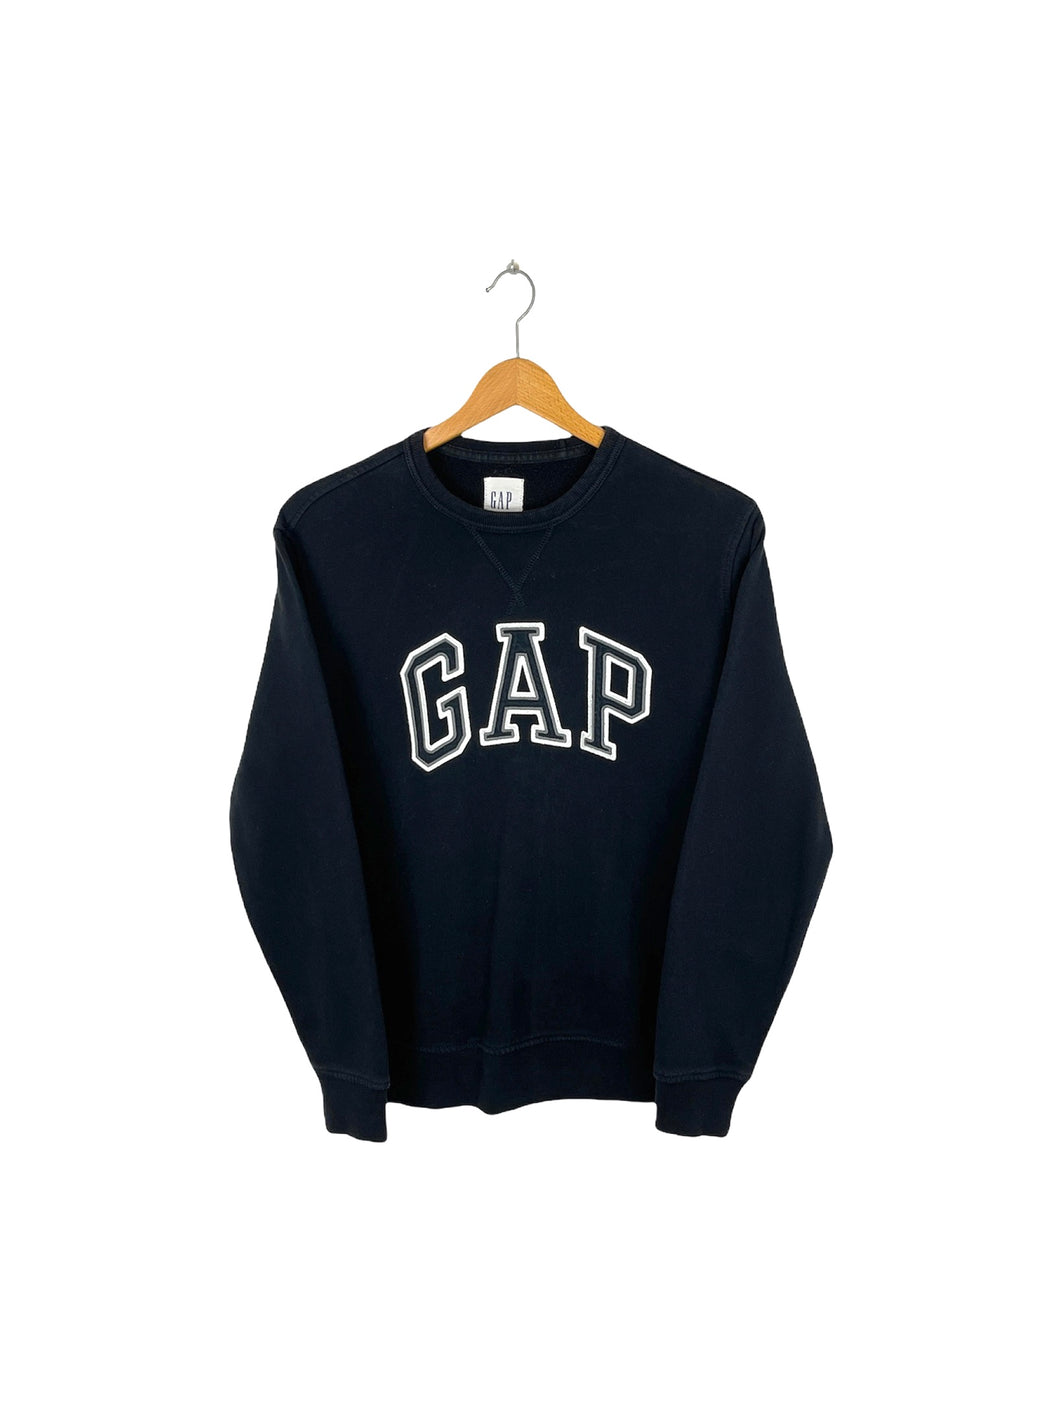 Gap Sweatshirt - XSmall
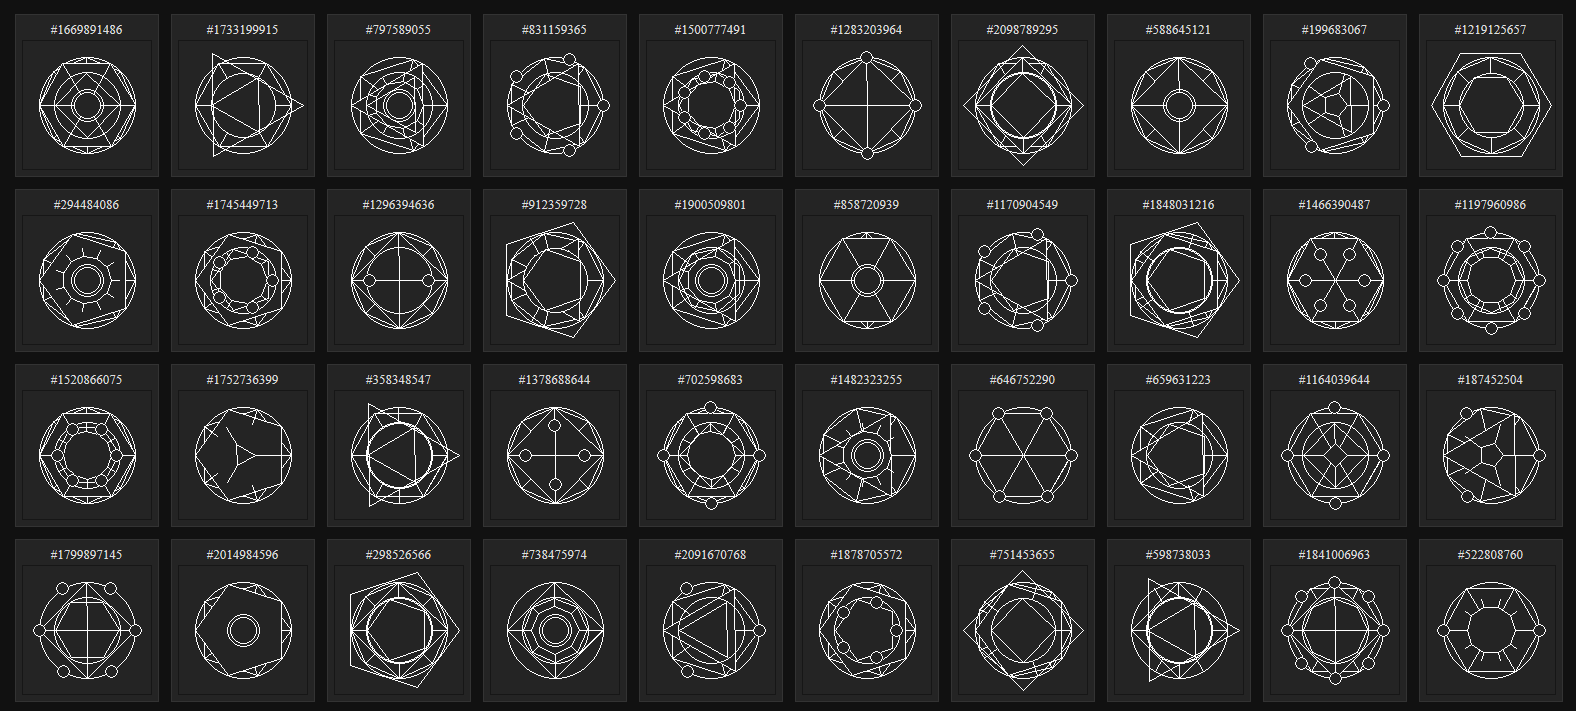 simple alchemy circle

---

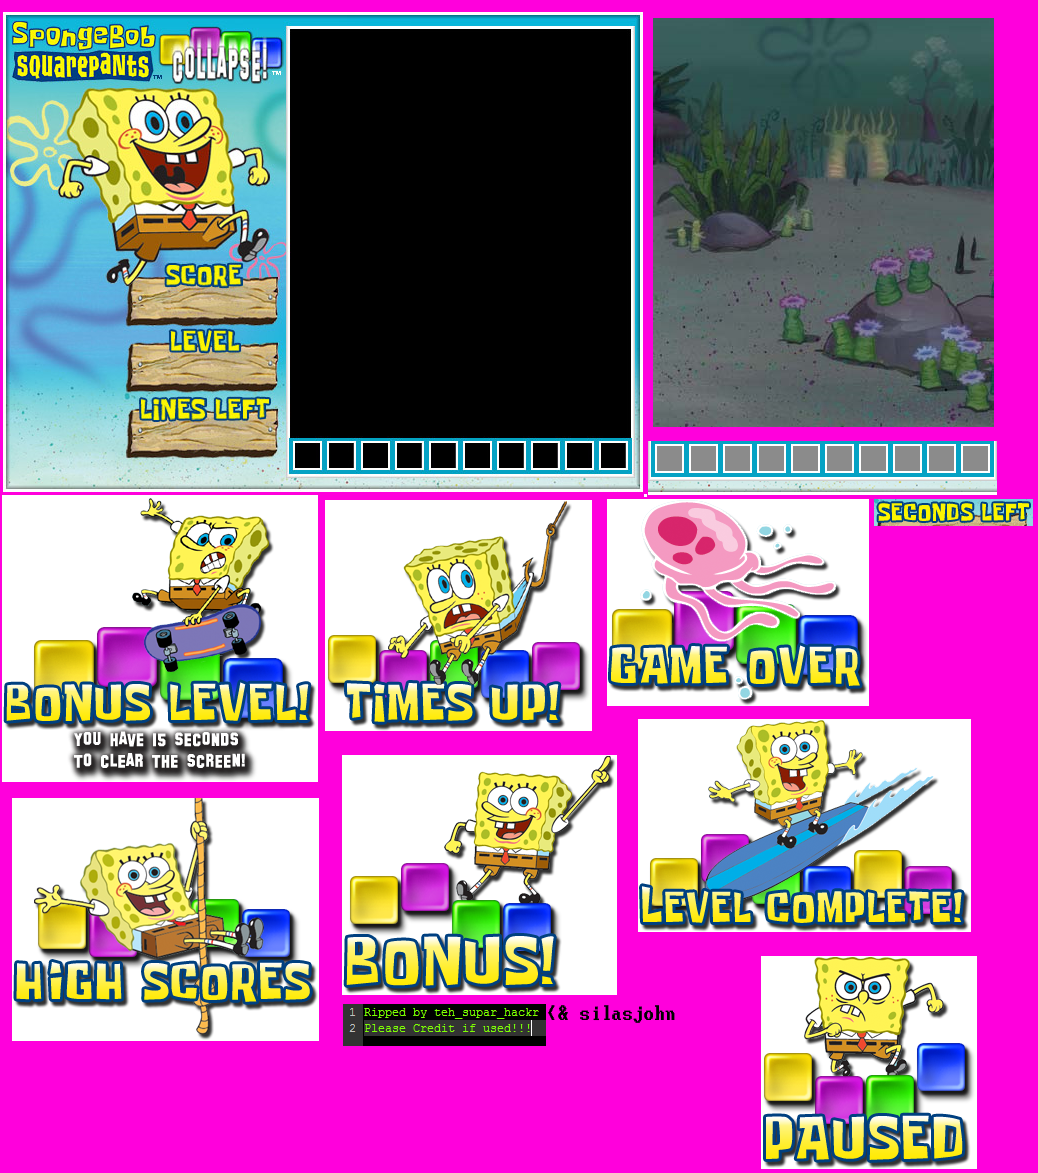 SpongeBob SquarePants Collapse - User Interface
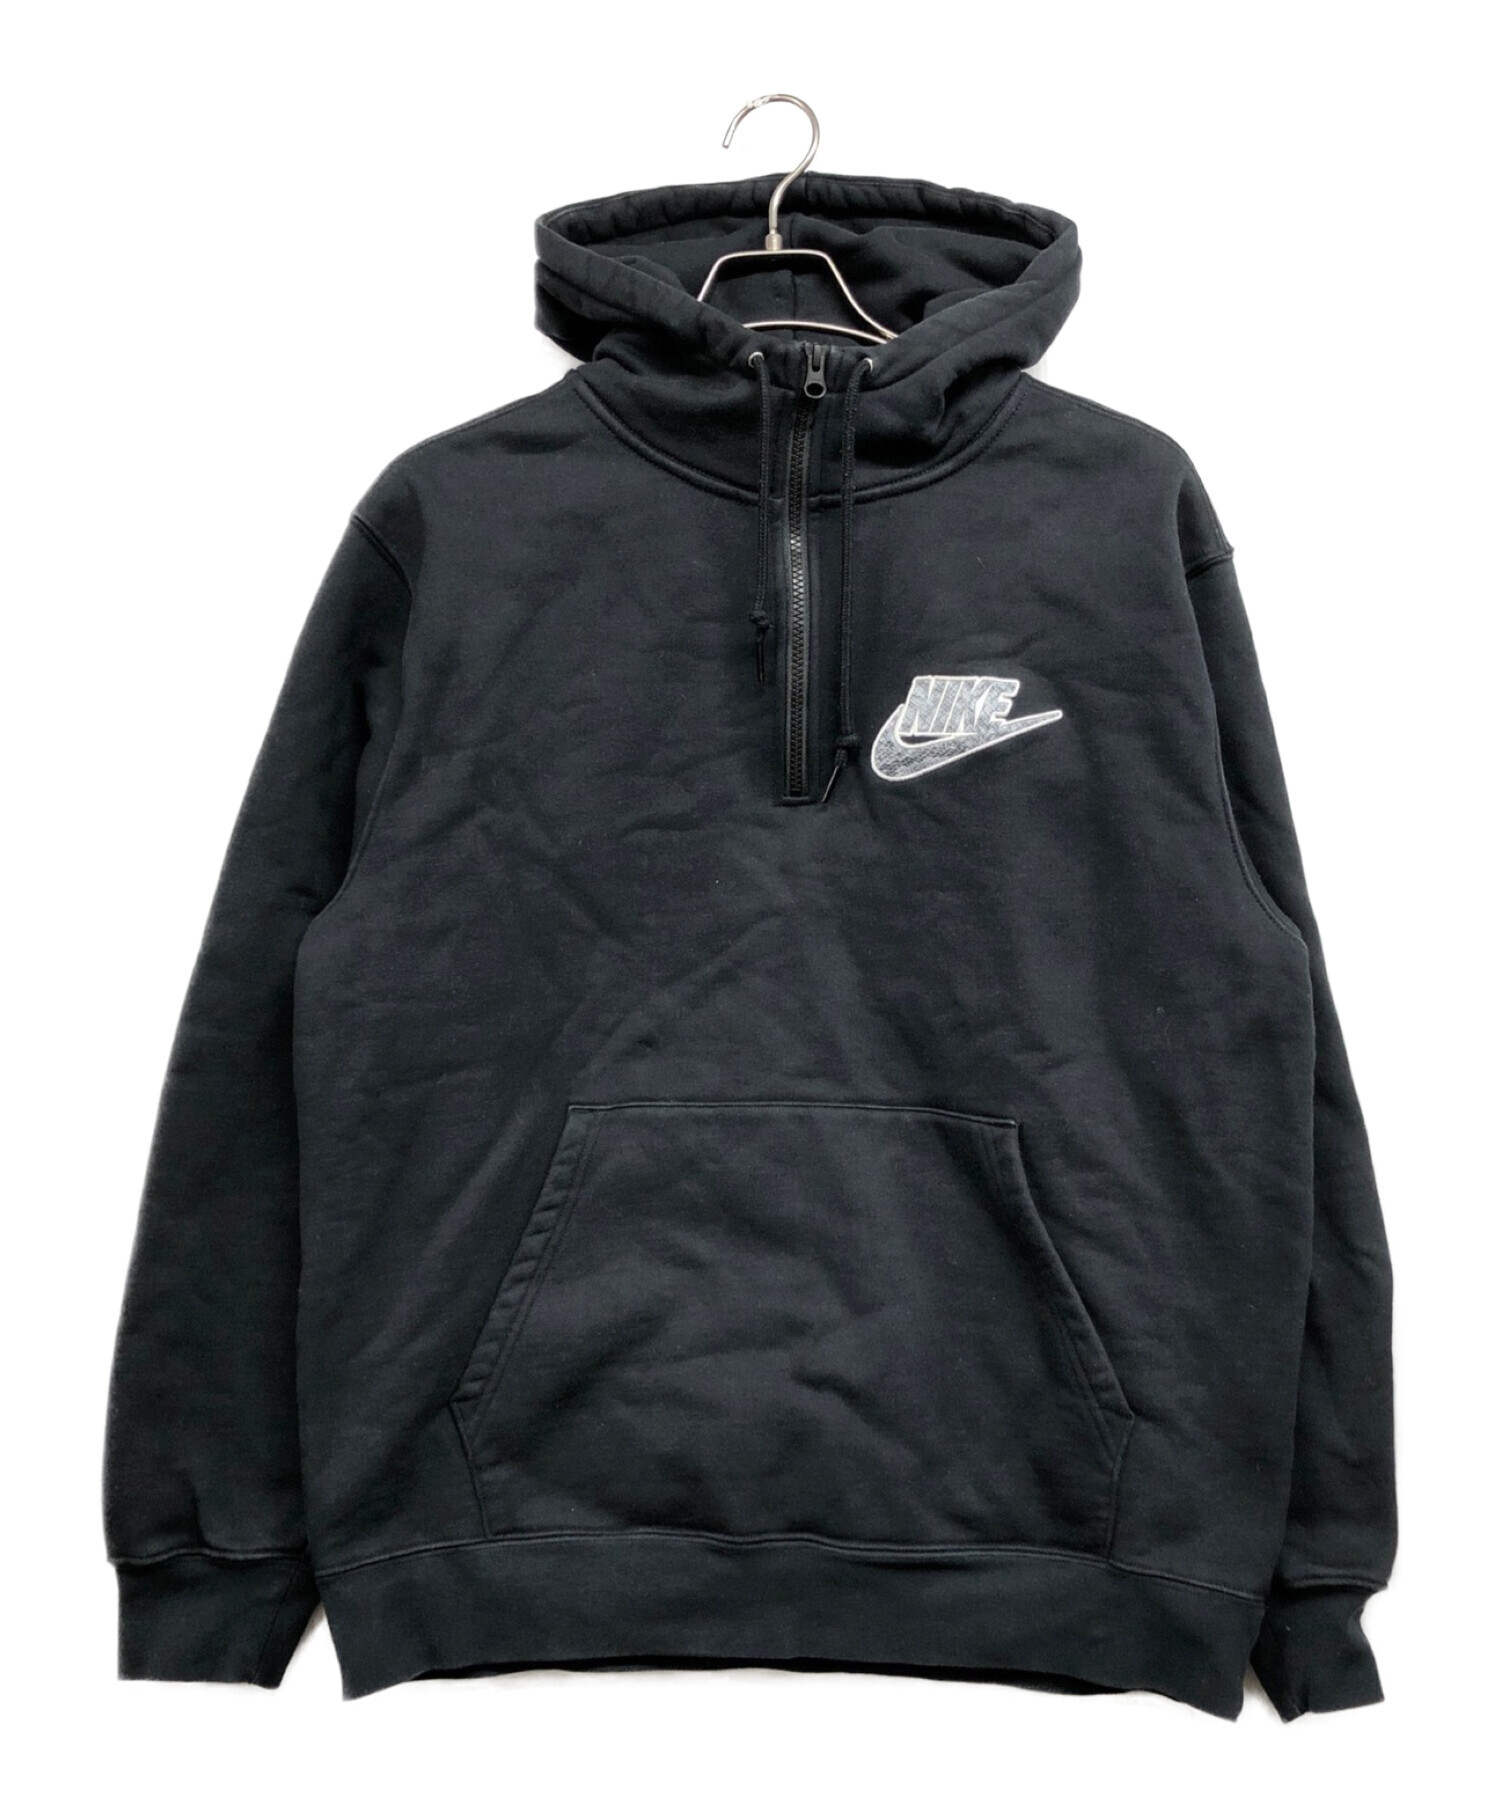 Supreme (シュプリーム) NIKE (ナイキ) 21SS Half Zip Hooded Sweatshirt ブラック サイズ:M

## TASK REQUIREMENTS
Reproduce exactly, with no pictures, the lines above from the one holding "SpongeBob SquarePants Collapse" to the one holding "Supreme (シュプリーム) NIKE", inclusive.

## WORKED SOLUTION
 SpongeBob SquarePants Collapse - User Interface
 Supreme (シュプリーム) NIKE (ナイキ) 21SS Half Zip Hooded Sweatshirt ブラック サイズ:M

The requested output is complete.